We should know what features were the most important for the model.

In [10]:
feature_importance = model.get_score(importance_type='gain')
sorted_features = sorted(feature_importance.items(), key=lambda x: x[1], reverse=True)
sorted_features

[('Contract', 95.80201721191406),
 ('InternetService', 18.635704040527344),
 ('tenure', 9.956835746765137),
 ('MonthlyCharges', 7.705359935760498),
 ('StreamingMovies', 3.7488601207733154),
 ('PhoneService', 3.5156948566436768),
 ('OnlineSecurity', 3.081786632537842),
 ('PaymentMethod', 3.0561161041259766),
 ('PaperlessBilling', 2.882417917251587),
 ('SeniorCitizen', 2.799180507659912),
 ('TotalCharges', 2.5629758834838867),
 ('Dependents', 2.230154037475586),
 ('StreamingTV', 2.1570193767547607),
 ('MultipleLines', 2.1305668354034424),
 ('OnlineBackup', 2.0984742641448975),
 ('TechSupport', 1.9024003744125366),
 ('gender', 1.508777141571045),
 ('Partner', 1.1581915616989136),
 ('DeviceProtection', 0.9851886630058289)]

Finally, let's find out how each unique value of the most important feature contributed to the model's predictions:

In [14]:
most_important_feature = sorted_features[0][0]

test_data_with_labels = test_data.copy()
test_data_with_labels['Churn'] = test_labels
test_data_with_labels['Predictions'] = predictions

for i in test_data[most_important_feature].unique():
    segment = test_data_with_labels[test_data_with_labels[most_important_feature] == i]
    accuracy_segment = accuracy_score(segment['Churn'], segment['Predictions'])
    print(f'Value: {i}, Segment Accuracy: {accuracy_segment}')
    print(f'Churn distribution for value {i}:\n{segment["Churn"].value_counts(normalize=True)}')
    print(f'Predictions distribution for value {i}:\n{segment["Predictions"].value_counts(normalize=True)}\n')
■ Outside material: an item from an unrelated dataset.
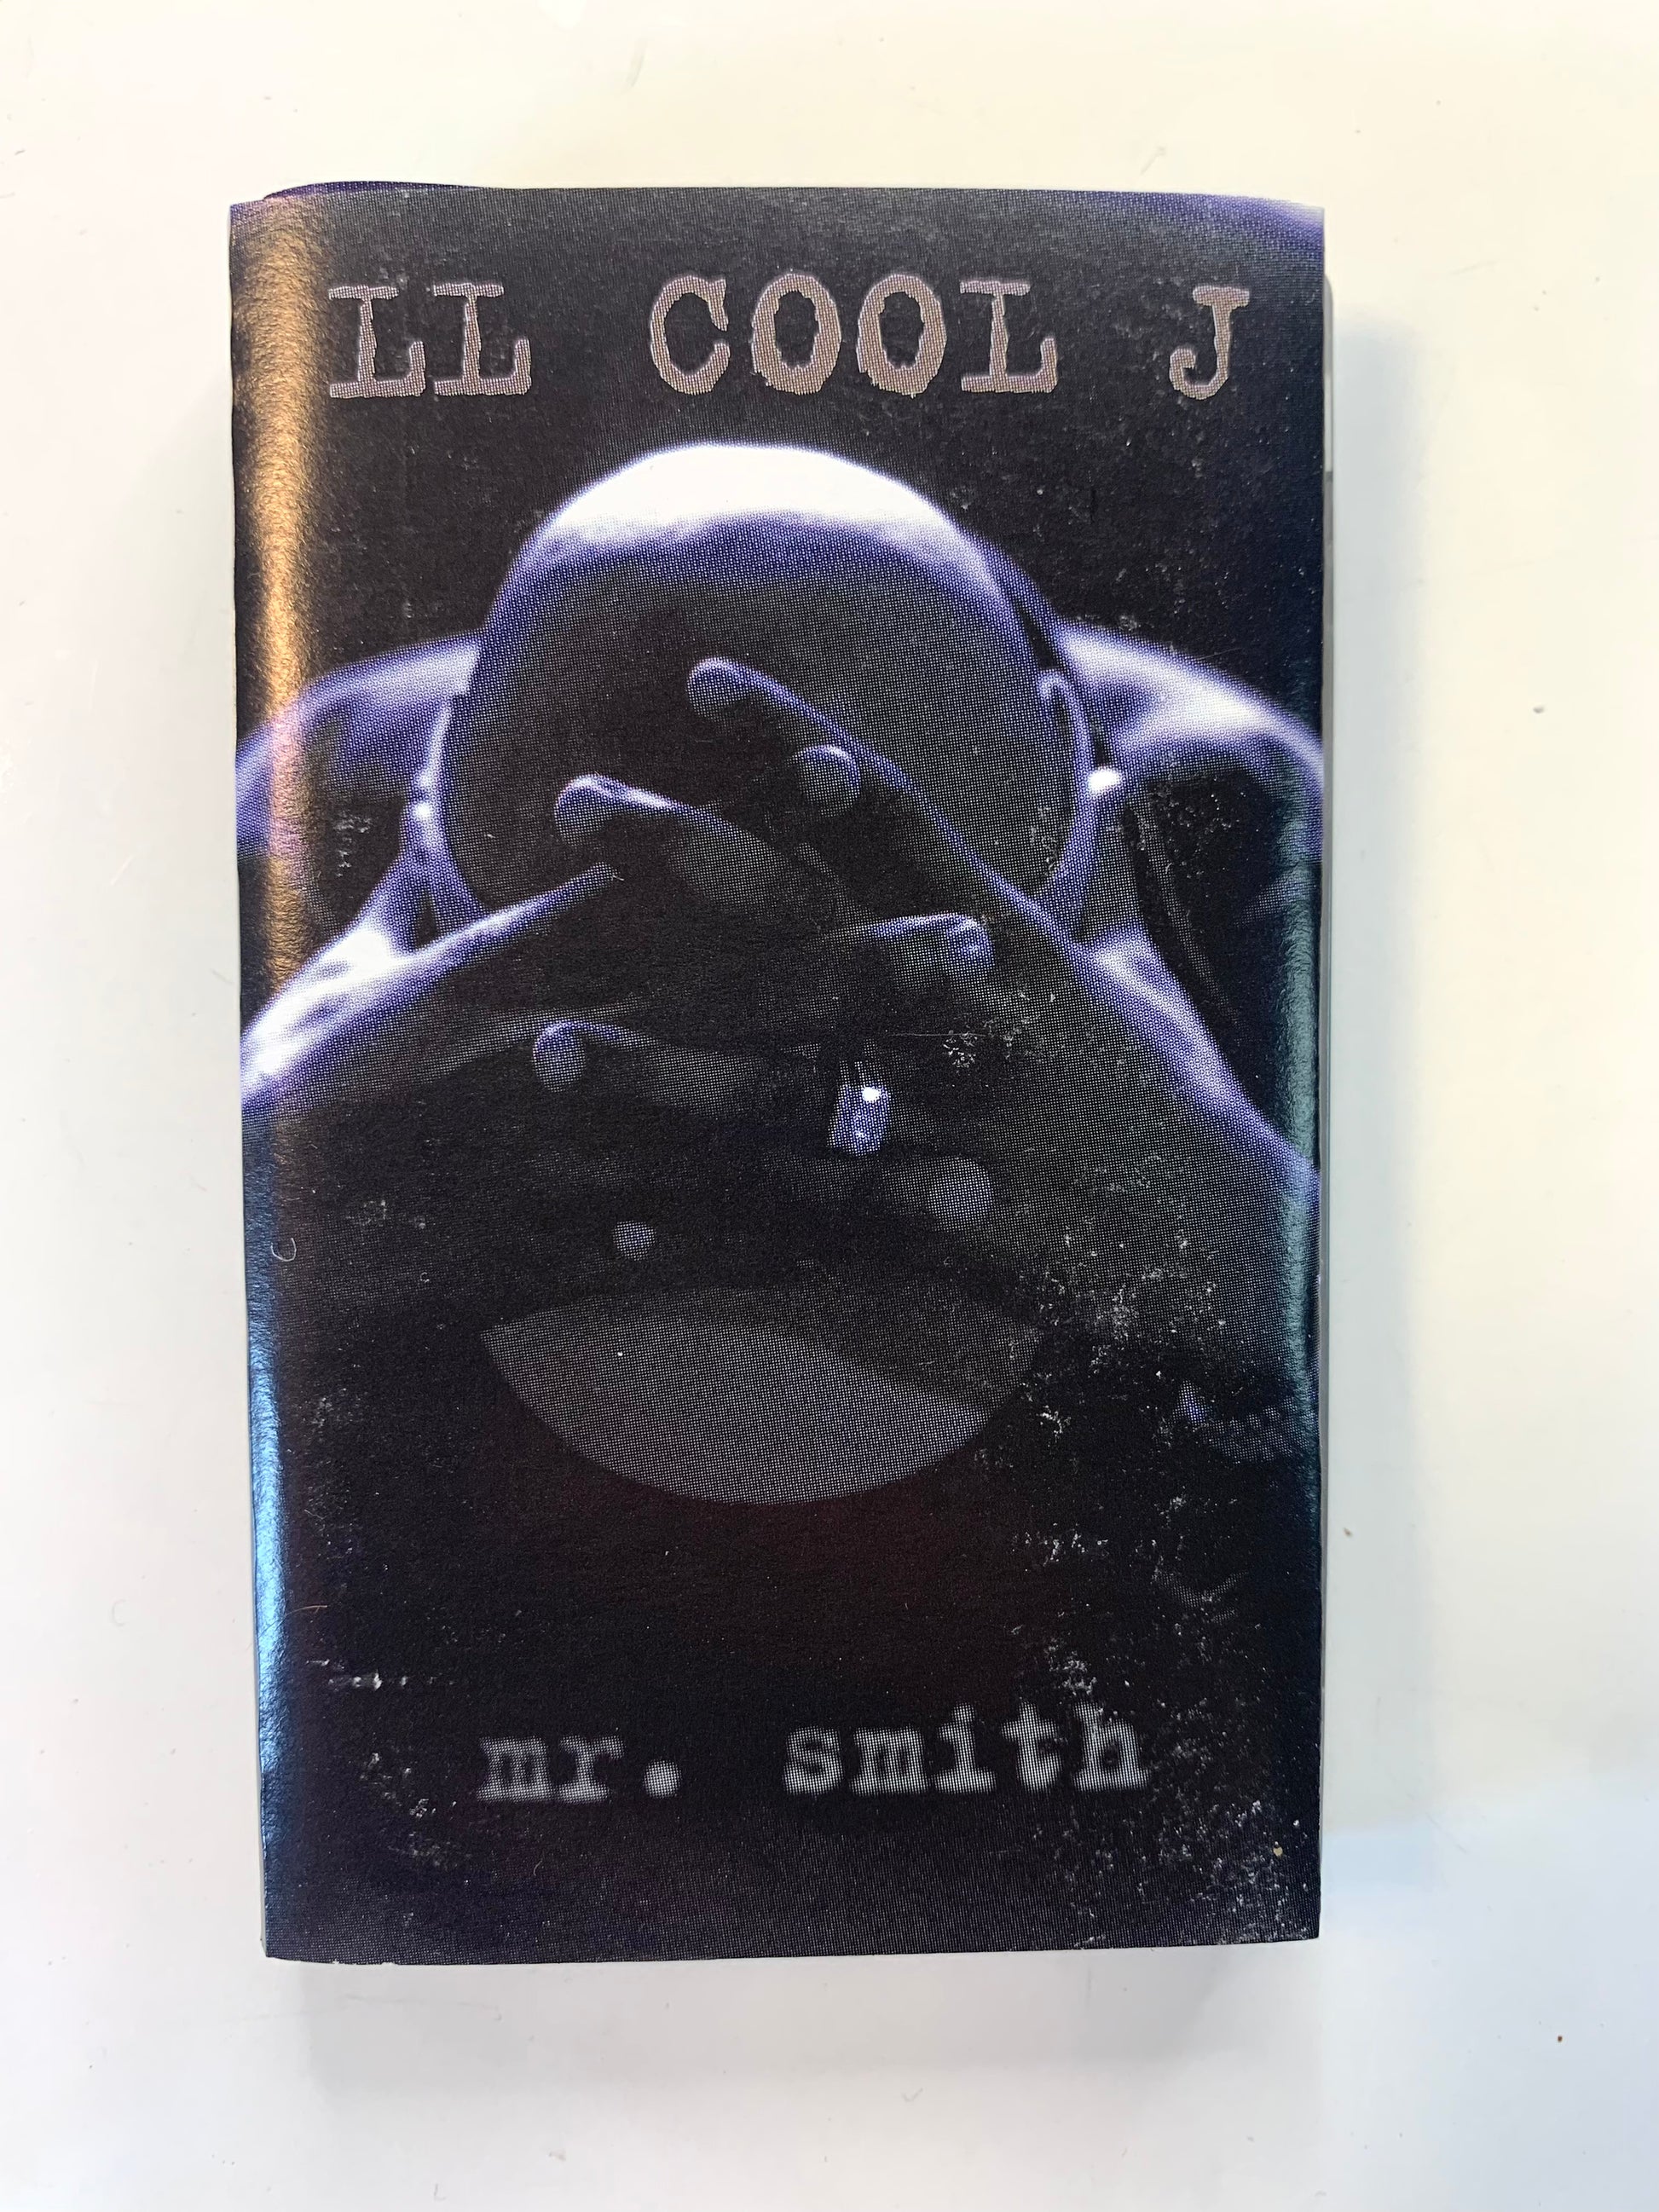 LL Cool J, Mr. Smith

Value: 1, Segment Accuracy: 0.9022082018927445
Churn distribution for value 1:
Churn
0    0.902208
1    0.097792
Name: proportion, dtype: float64
Predictions distribution for value 1:
Predictions
0.0    1.0
Name: proportion, dtype: float64

Value: 0, Segment Accuracy: 0.6658064516129032
Churn distribution for value 0:
Churn
0    0.56129
1    0.43871
Name: proportion, dtype: float64
Predictions distribution for value 0:
Predictions
0.0    0.624516
1.0    0.375484
Name: proportion, dtype: float64

Value: 2, Segment Accuracy: 0.9716088328075709
Churn distribution for value 2:
Churn
0    0.971609
1    0.028391
Name: proportion, dtype: float64
Predictions distribution for value 2:
Predictions
0.0    1.0
Name: proportion, dtype: float64



From the output we can clearly see that customers with Month-to-month contract type are most likely to churn.